--- Available data Enclosed Below ---

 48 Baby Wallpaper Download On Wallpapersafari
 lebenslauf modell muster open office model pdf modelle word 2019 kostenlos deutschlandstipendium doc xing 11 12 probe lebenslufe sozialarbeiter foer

--- End of Enclosed Available data ---
--- Available data Enclosed Below ---

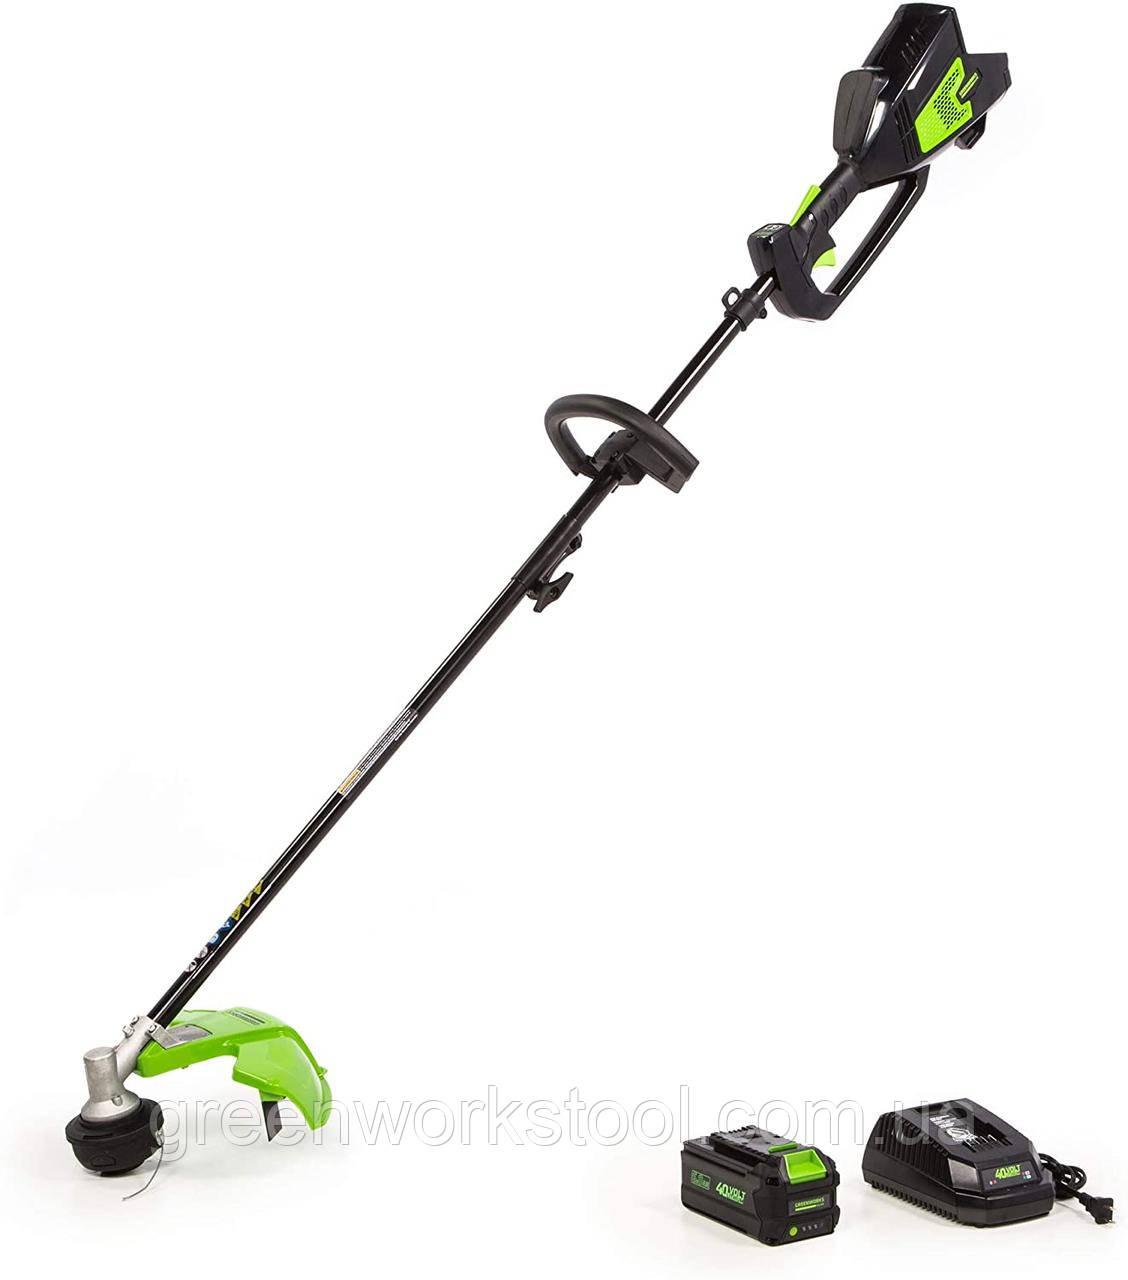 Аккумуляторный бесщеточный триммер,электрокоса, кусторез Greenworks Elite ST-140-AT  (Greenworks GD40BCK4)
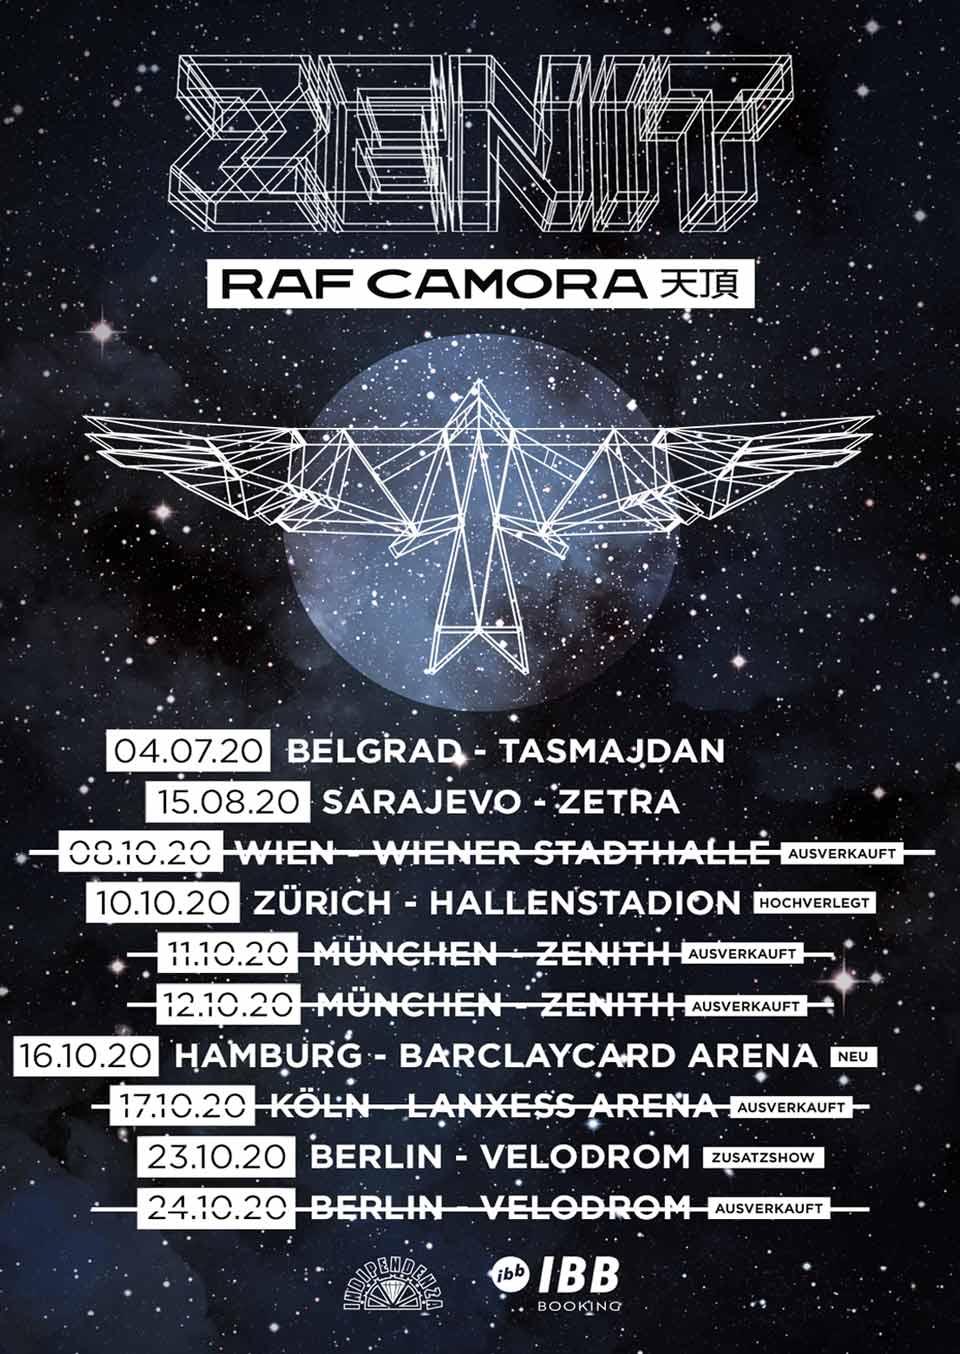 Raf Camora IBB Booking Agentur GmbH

--- End of Enclosed Available data ---

[Exercise instructions] Above are the lines; repeat exactly the ones from the line containing "48 Baby Wallpaper" down to the line containing "lebenslauf modell muster", both inclusive.

[Completed task]
 48 Baby Wallpaper Download On Wallpapersafari
 lebenslauf modell muster open office model pdf modelle word 2019 kostenlos deutschlandstipendium doc xing 11 12 probe lebenslufe sozialarbeiter foer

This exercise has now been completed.